AN expert who advises the Government on its Covid response has dismissed claims by Neil Oliver that the coronavirus lockdown was the "biggest single mistake in world history".

In an interview with The Herald, the historian who will soon be hosting a current affairs and interview programme on Andrew Neil's GB News, described the economic impact created by lockdowns.

Oliver said: "I’m apolitical, but over the lockdown I have had opinions. I think it is the biggest single mistake in world history, and I’m just horrified by the damage that has been done.

"Whoever lockdown has saved, I think by an order of magnitude others have been hurt.”

In the interview, he accepted that the initial lockdown was probably a good thing but said he knew a number of people that had been "ruined by it" due to a lack of economic support.

The National:

READ MORE: GB News' Neil Oliver ridiculed for 'wackadoodle' lockdown claim

Now, Professor Stephen Reicher of the University of St Andrews (above), a member of the Scientific Pandemic Insights Group on Behaviours (Spi-B) which advises the UK Government on its pandemic response, has described the GB News hosts claims as "just plain wrong".
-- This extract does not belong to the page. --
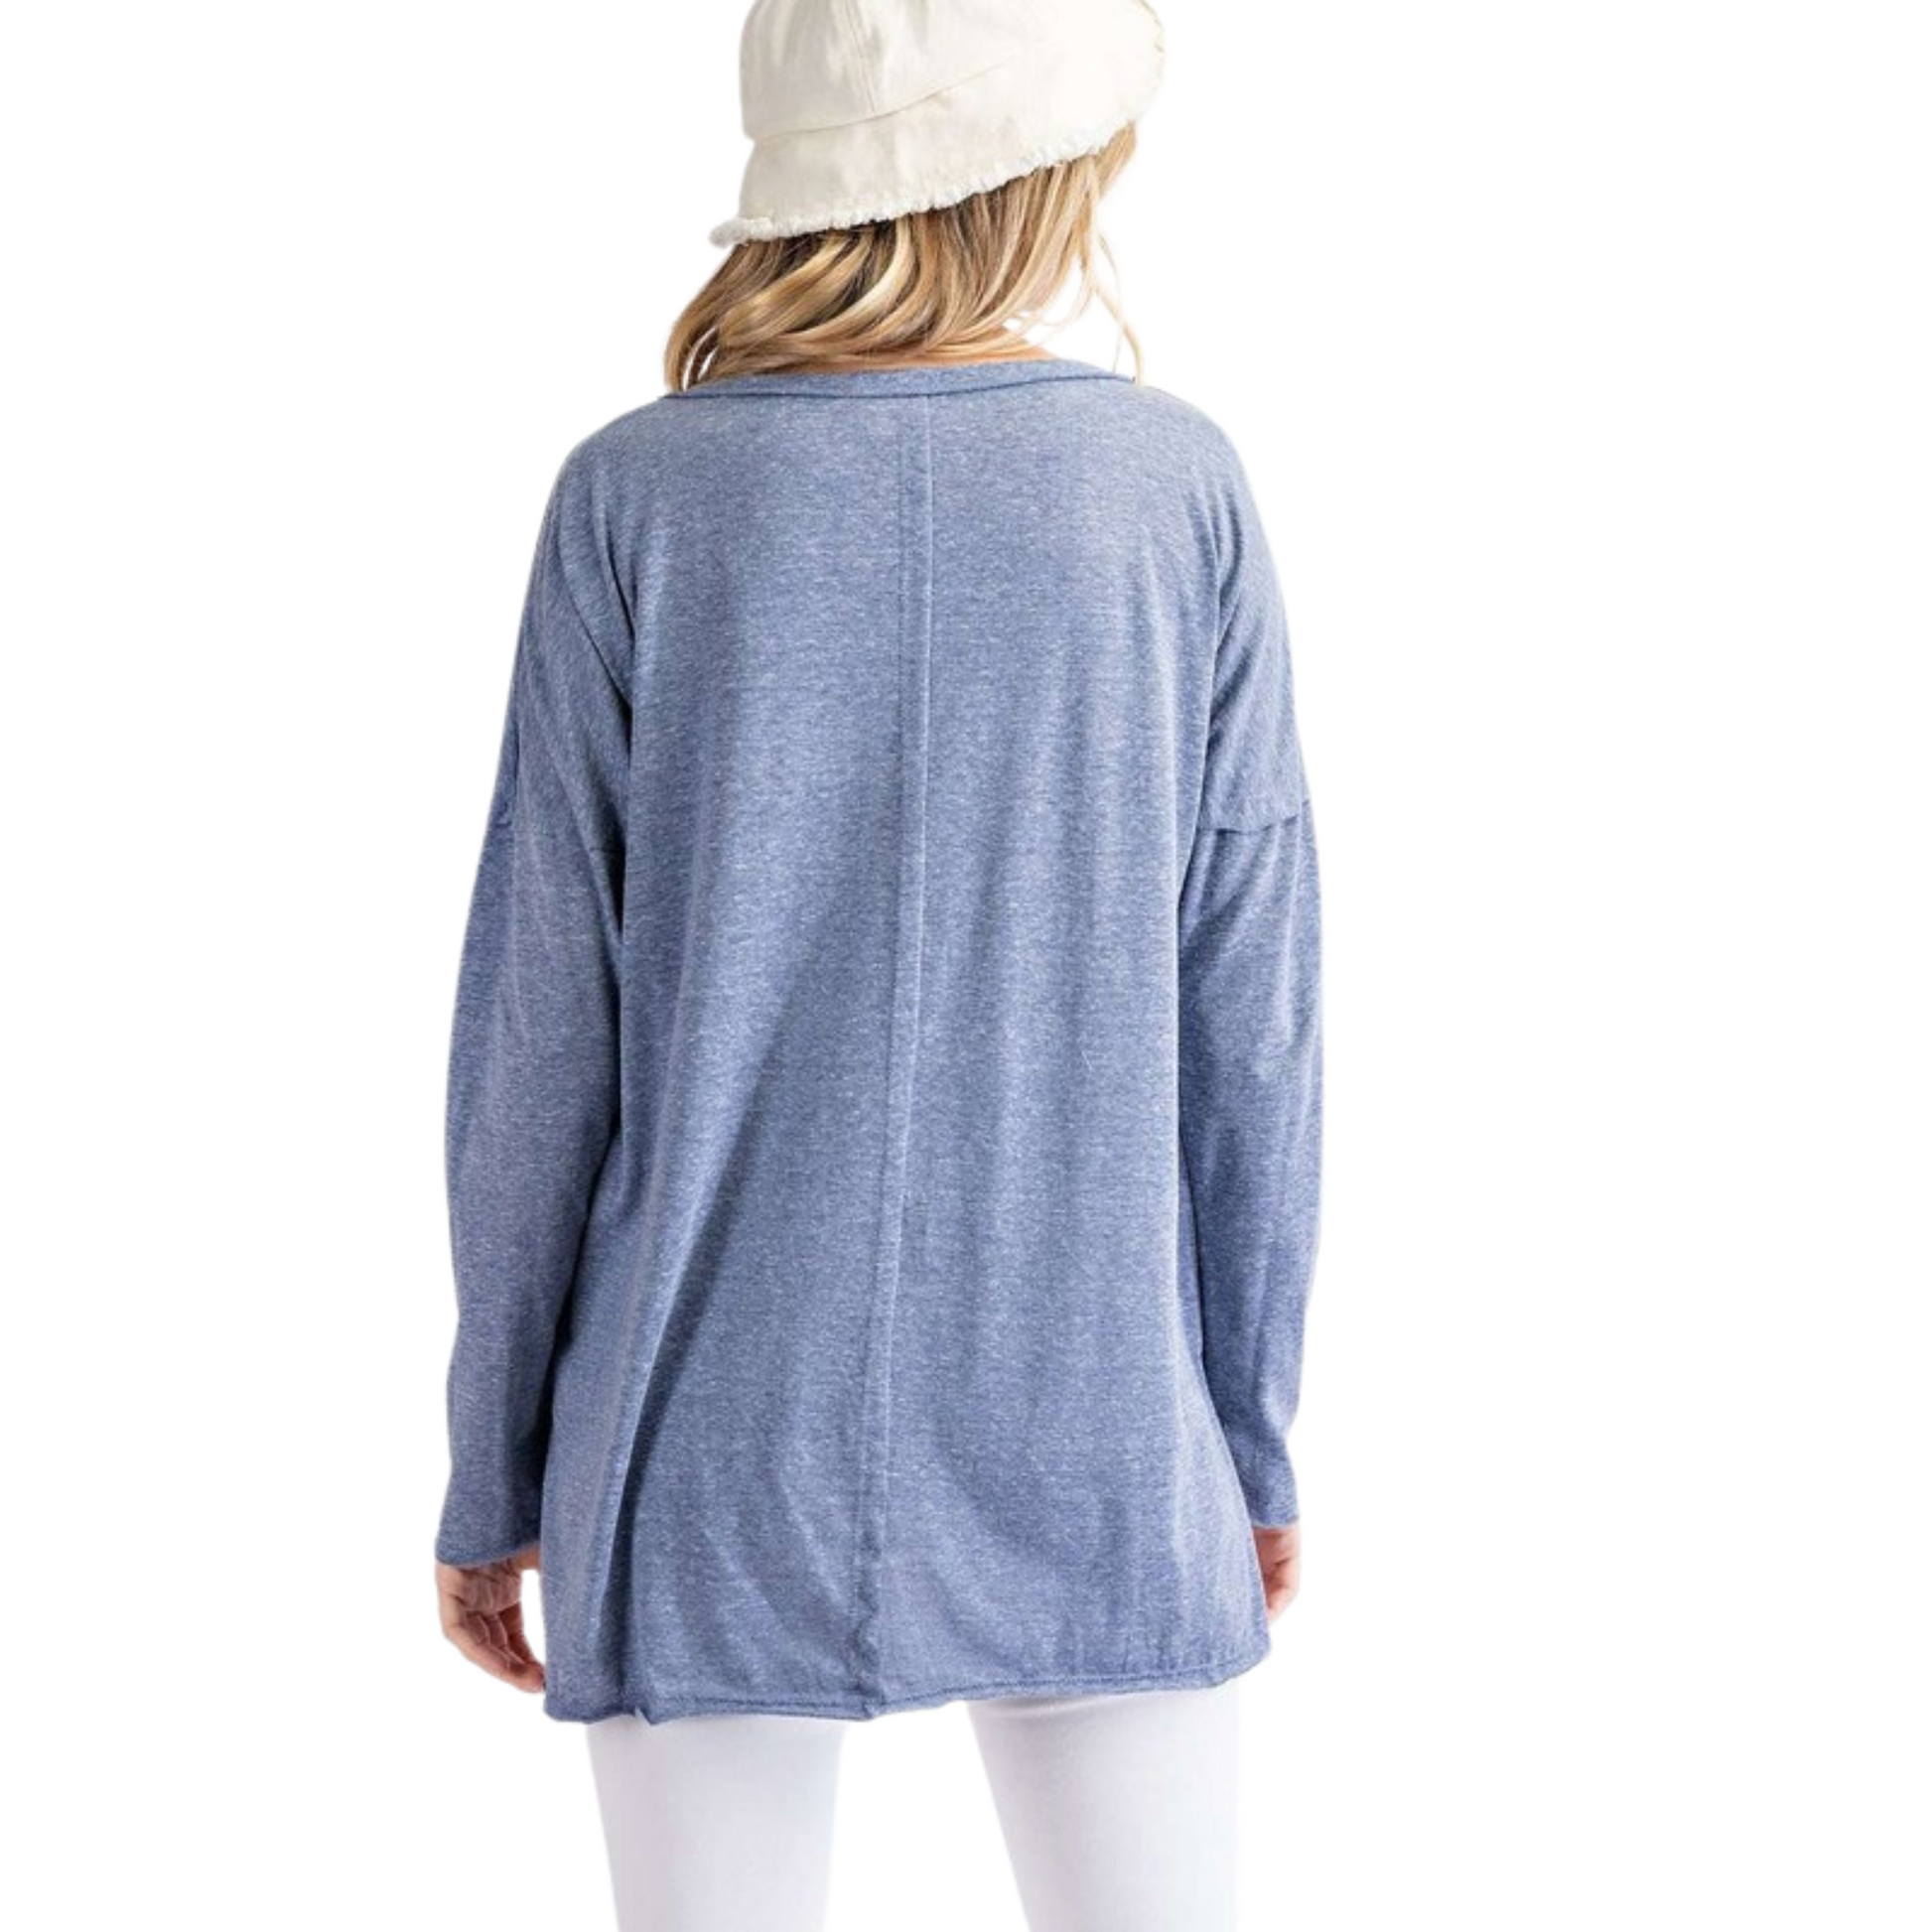 This Hi Low Knit Top is the perfect combination of comfortable and stylish. Its v neck and super soft blue knit fabric are sure to elevate your everyday look.

"I’ll leave aside how offensive this argument is, given all the awful and genocidal decisions in world history. The wording is plainly hyperbolic and is more about gaining attention than respecting the evidence," Reicher told The National.

"The point is that it is just plain wrong. The evidence points to the fact that those countries which acted early and acted hard did better, not just in terms of health, but also in terms of economy and civil liberties.

"Indeed when the Economist Intelligence Unit (EIU) came up with its 2021 list of most liveable cities 6 out of the top 10 were in Australia and New Zealand. Life is better all round when you get on top of this pandemic."

Australia and New Zealand were quick to act on the spread of coronavirus and as such have been able to remain relatively open. Tougher lockdowns in Europe due to a slower response have seen most remain closed off for longer.

The most liveable cities list was released this week and its authors said the pandemic proved to be the defining factor this year.

Auckland in New Zealand topped this year's list with Wellington placing fourth. Adelaide was Australia's best-performing city at number three while Perth, Melbourne and Brisbane also up the top 10.

European cities fell off the top 10 with Austrian capital Vienna, which had led the list for several years, falling to 12th position. The German city of Hamburg fell 34 places to 47th on the list while London placed 60th, just behind New York (59th).